Collected data START

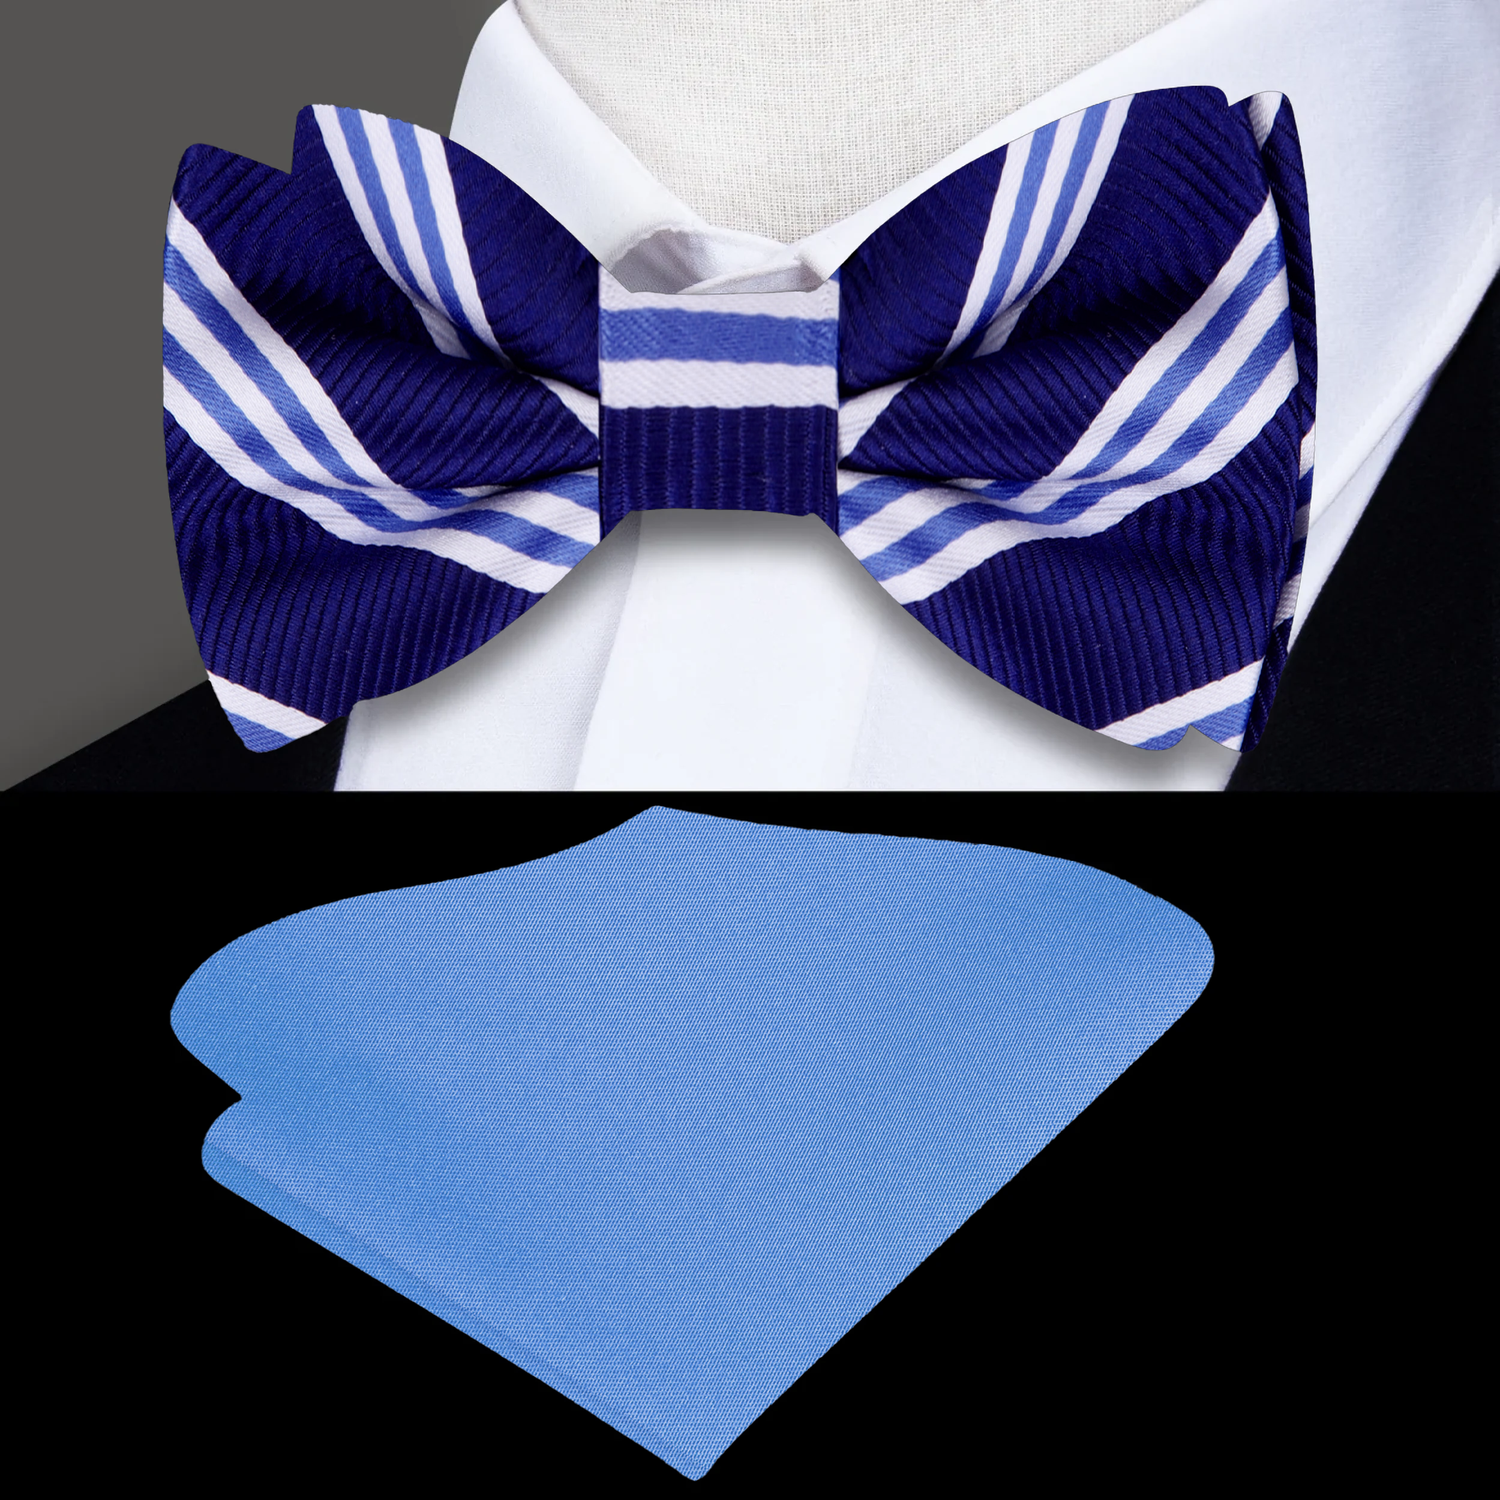 Blue, White Stripe Bow Tie and Blue Square||Blue
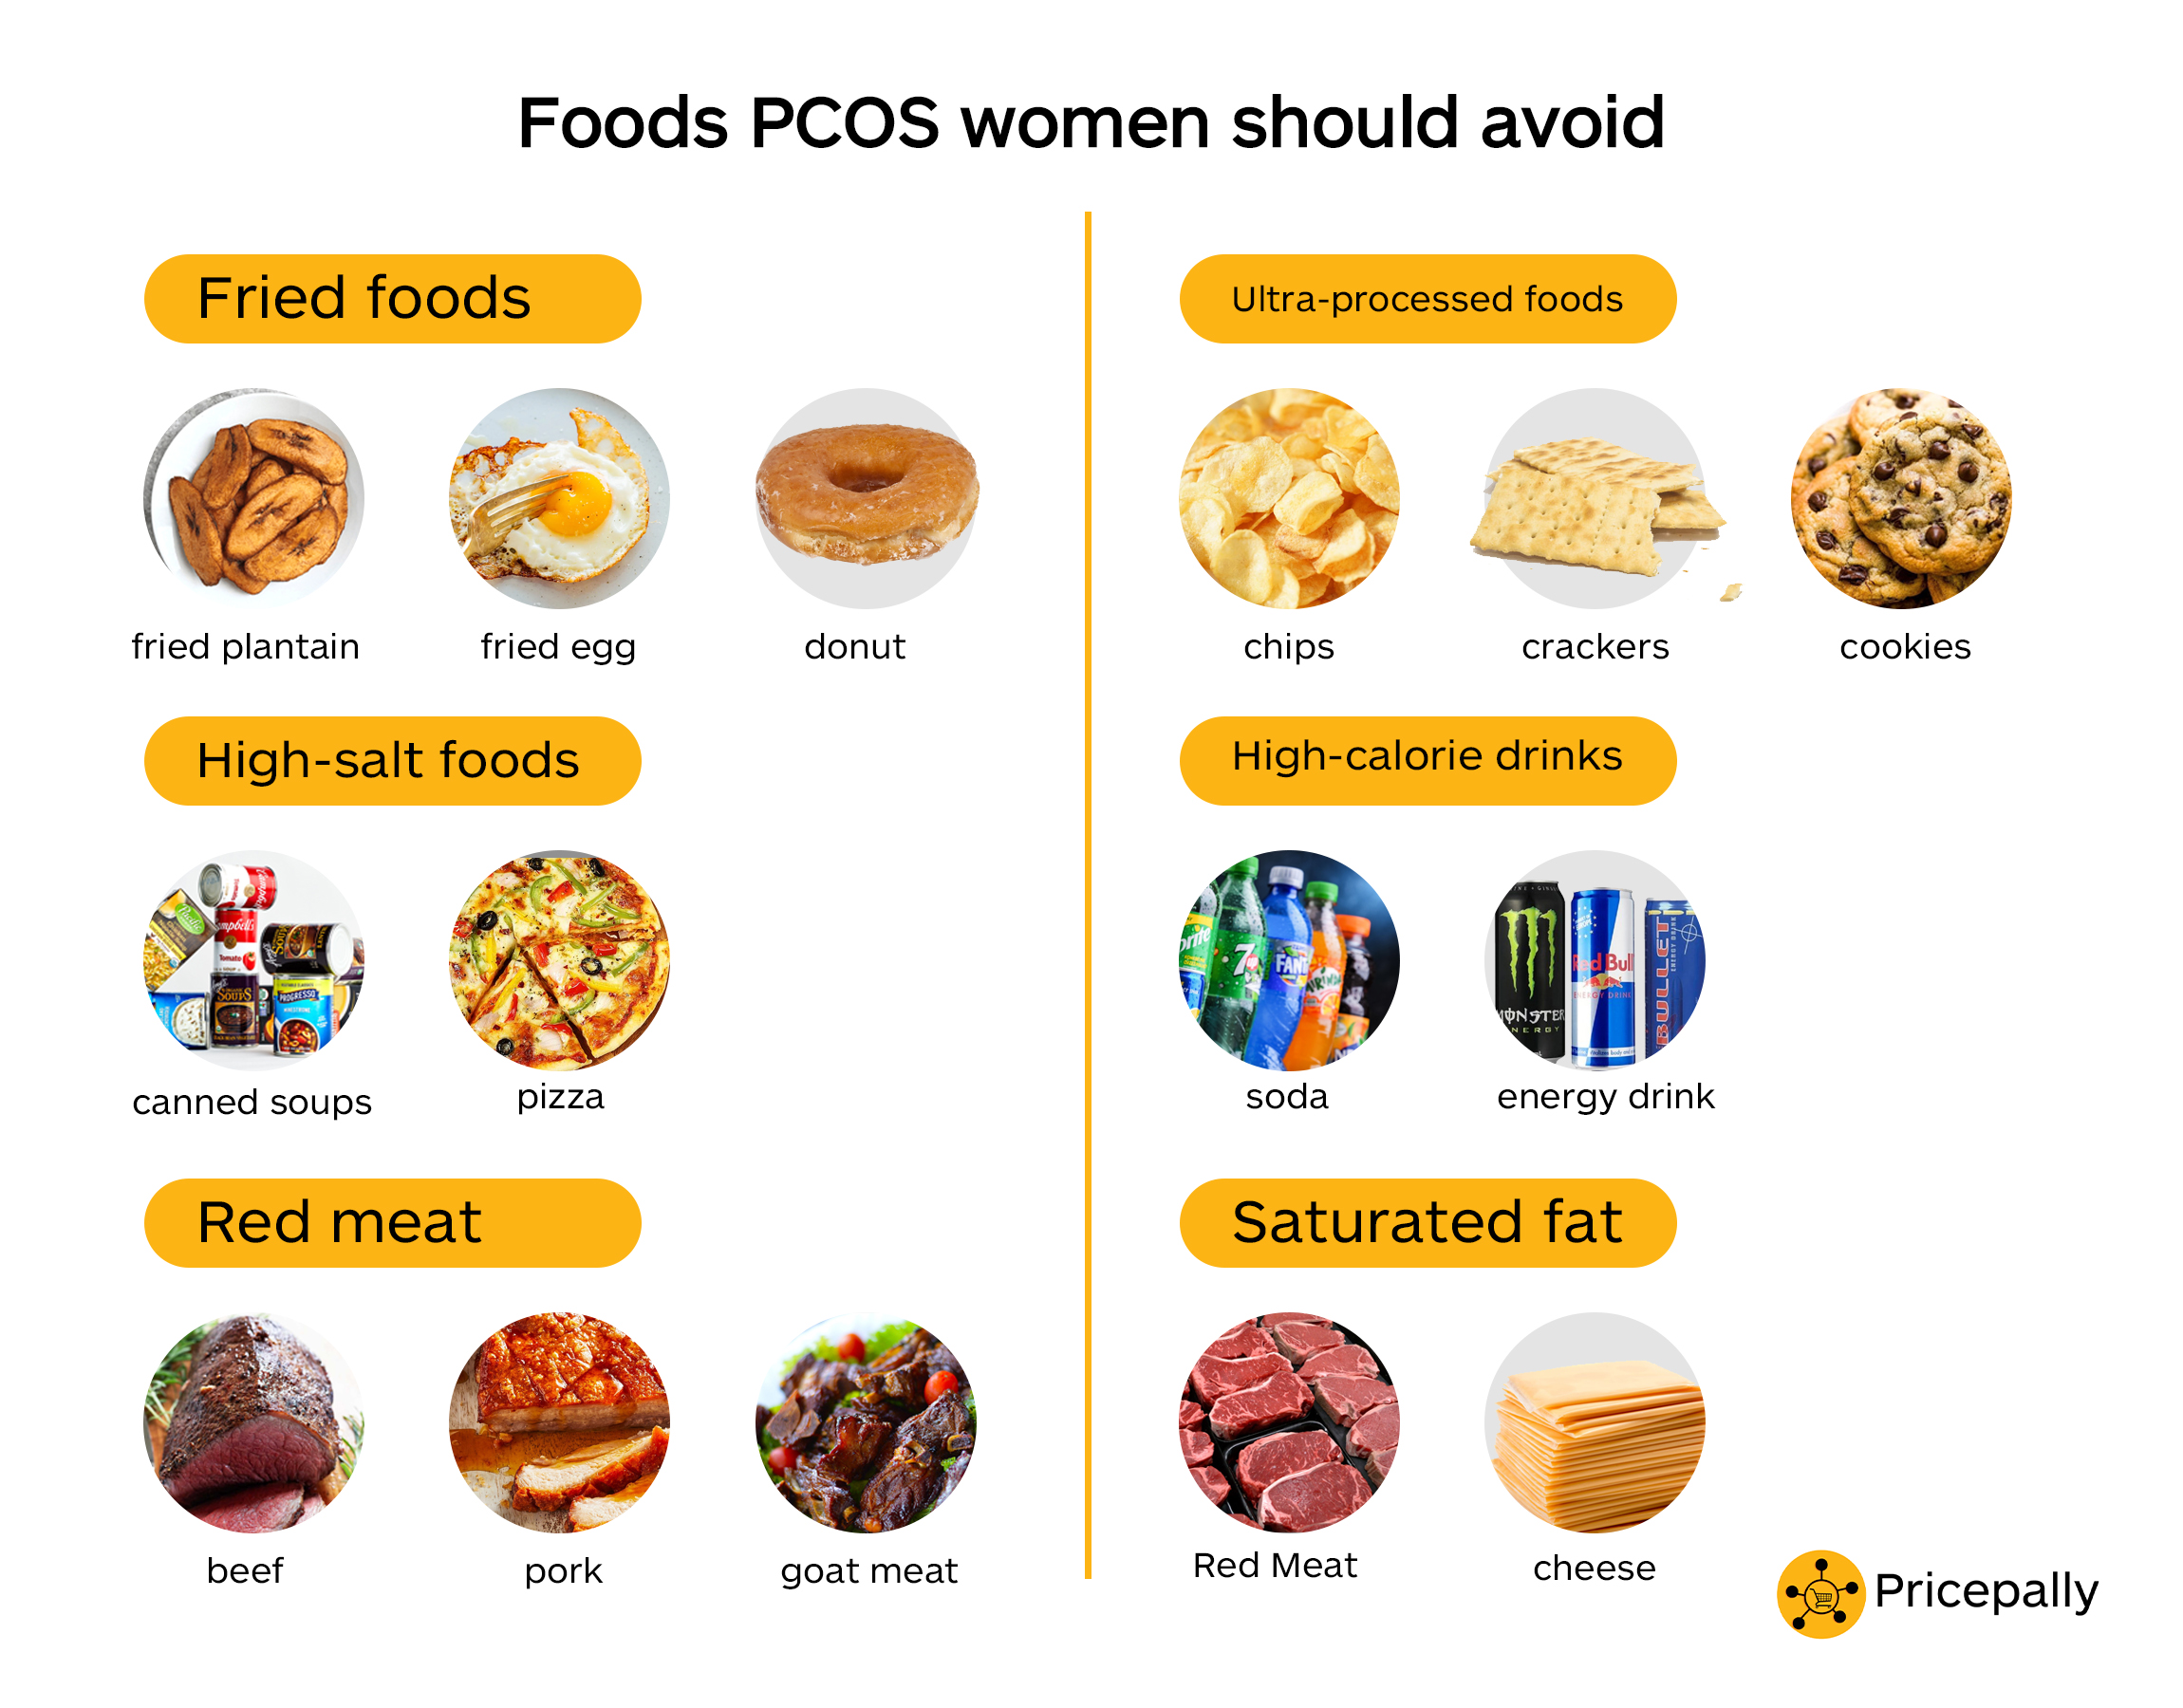 The worst foods for PCOS women in Nigeria
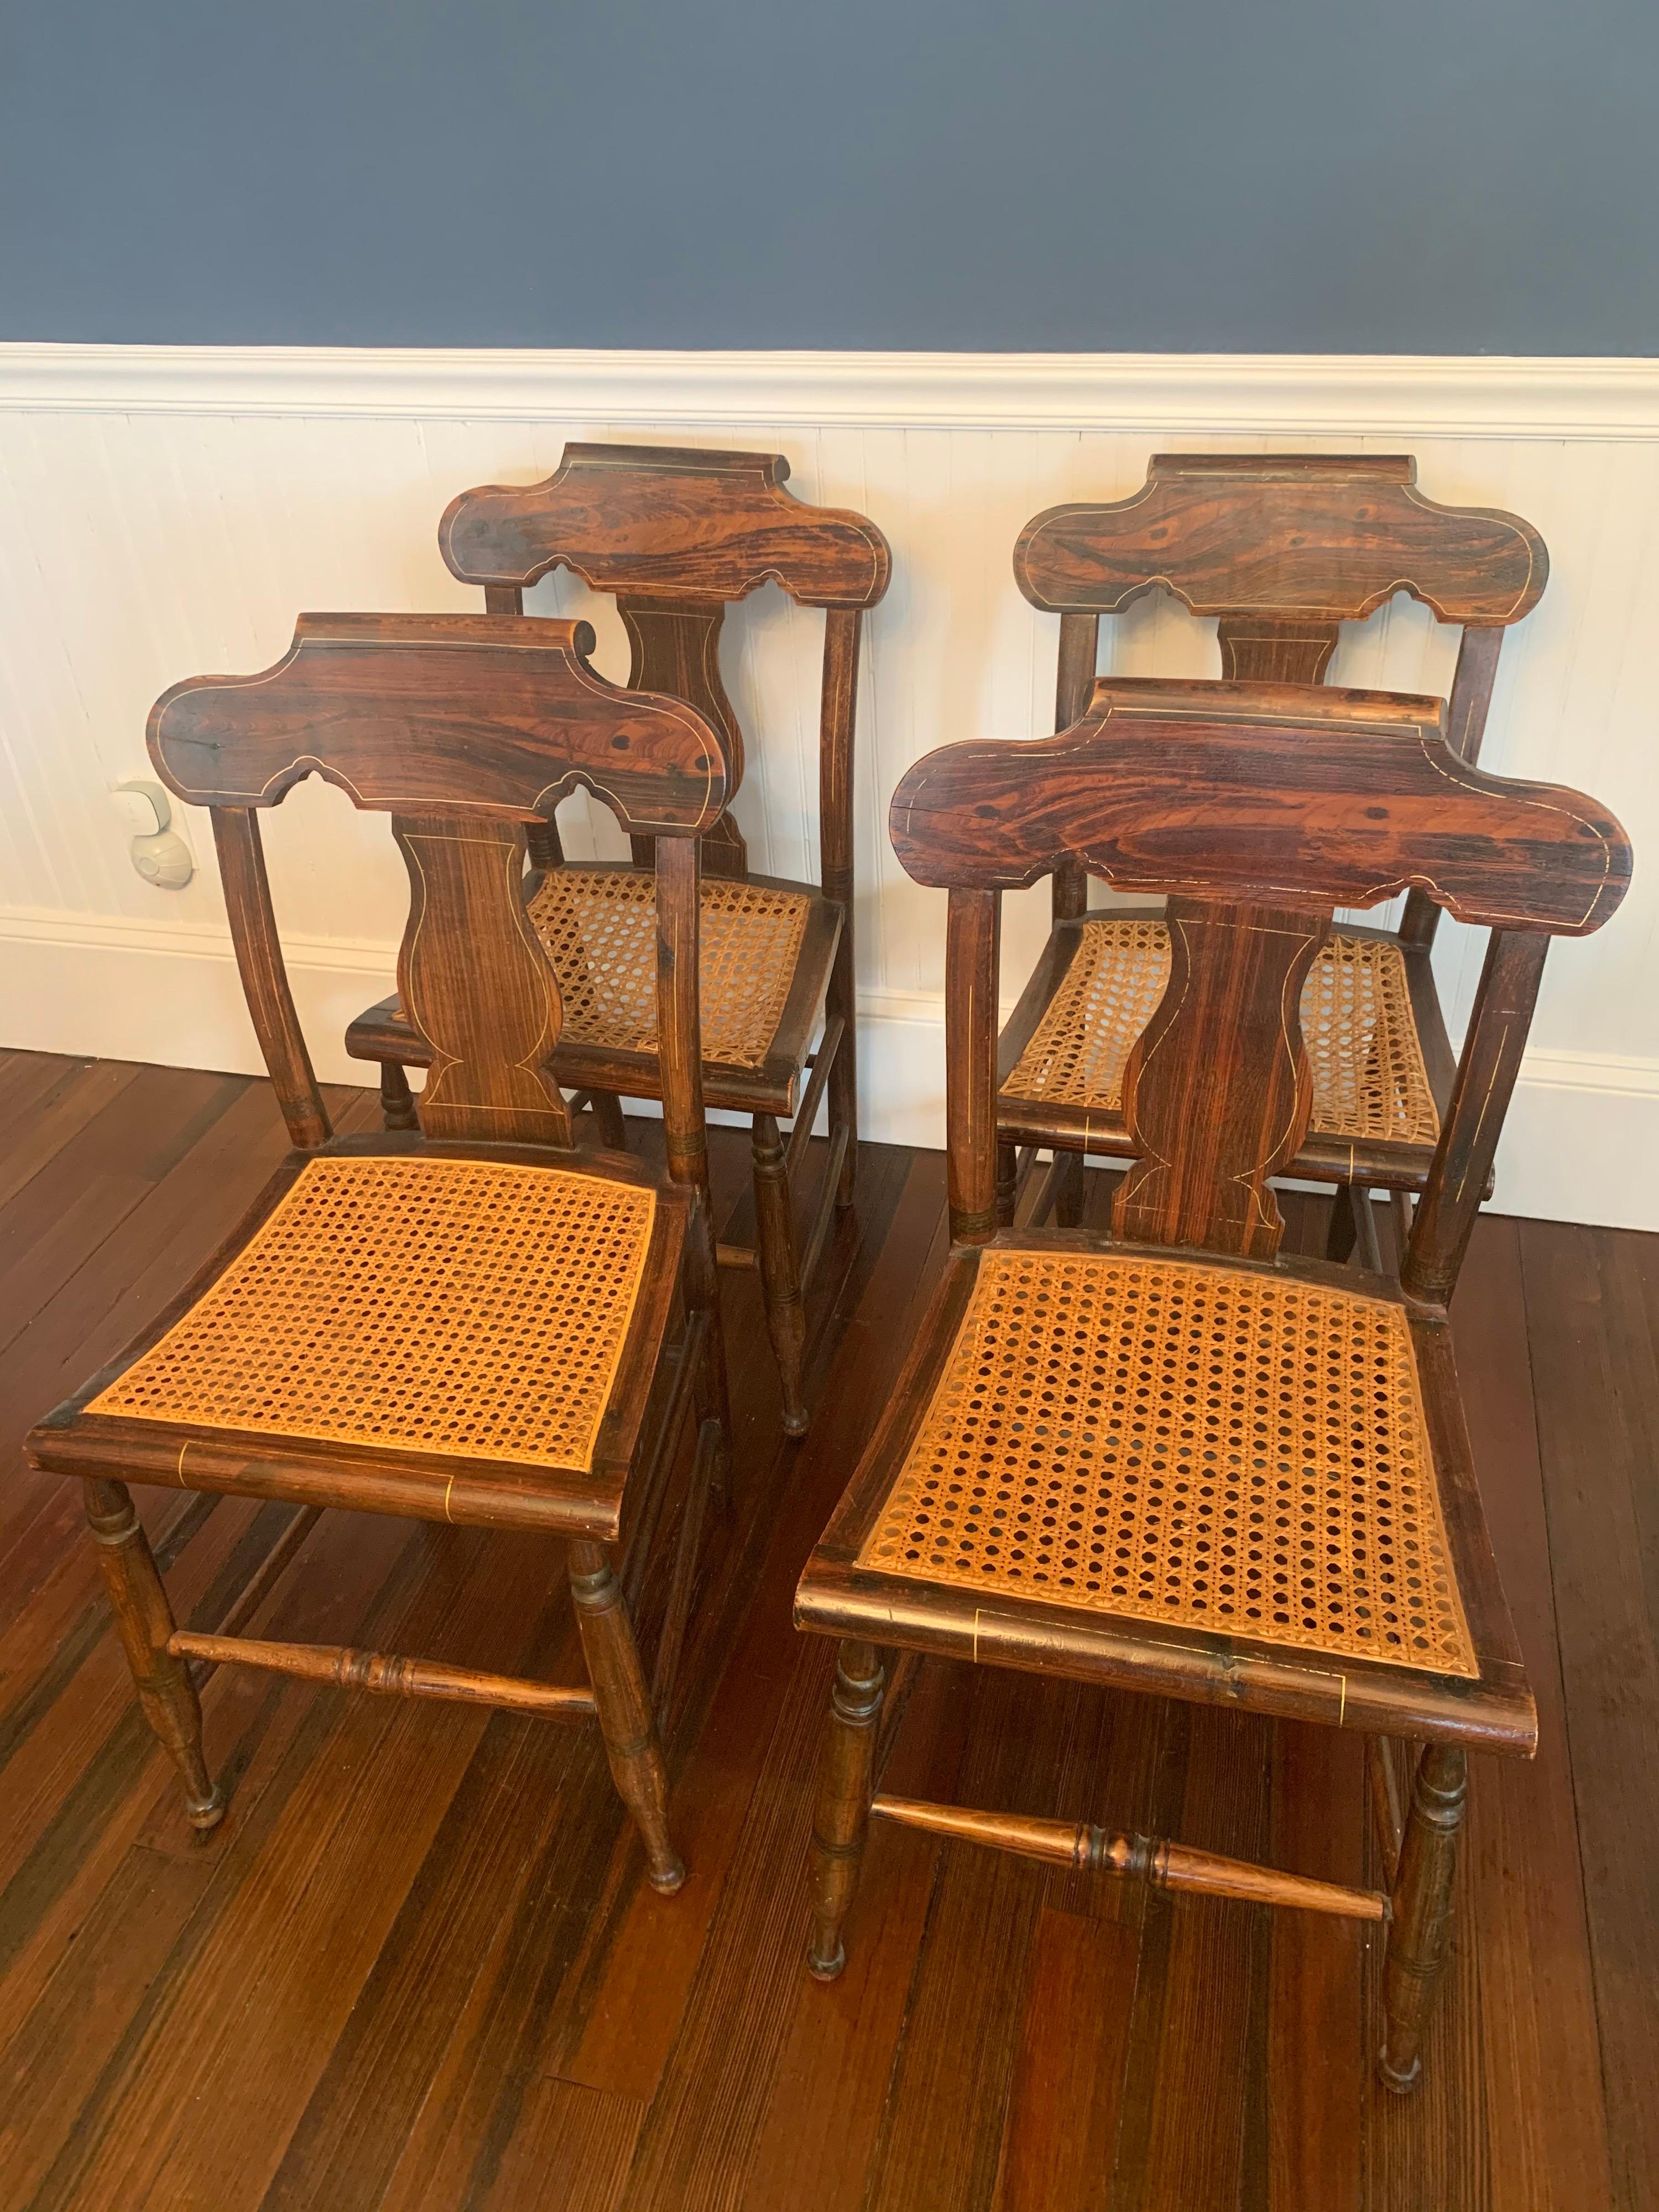 Set of four American Classical painted faux grain rosewood & caned dining chairs -
A really lovely set of four chairs with faux painted rosewood design on the back and legs with delicate gold highlight line on the back (rubbed in some areas). Seats

Collected data END

Brief: Copy the listing above word for word. Do not include the pictures.

Response to the task:
 Blue, White Stripe Bow Tie and Blue Square||Blue
 The worst foods for PCOS women in Nigeria
 Set of four American Classical painted faux grain rosewood & caned dining chairs -
A really lovely set of four chairs with faux painted rosewood design on the back and legs with delicate gold highlight line on the back (rubbed in some areas). Seats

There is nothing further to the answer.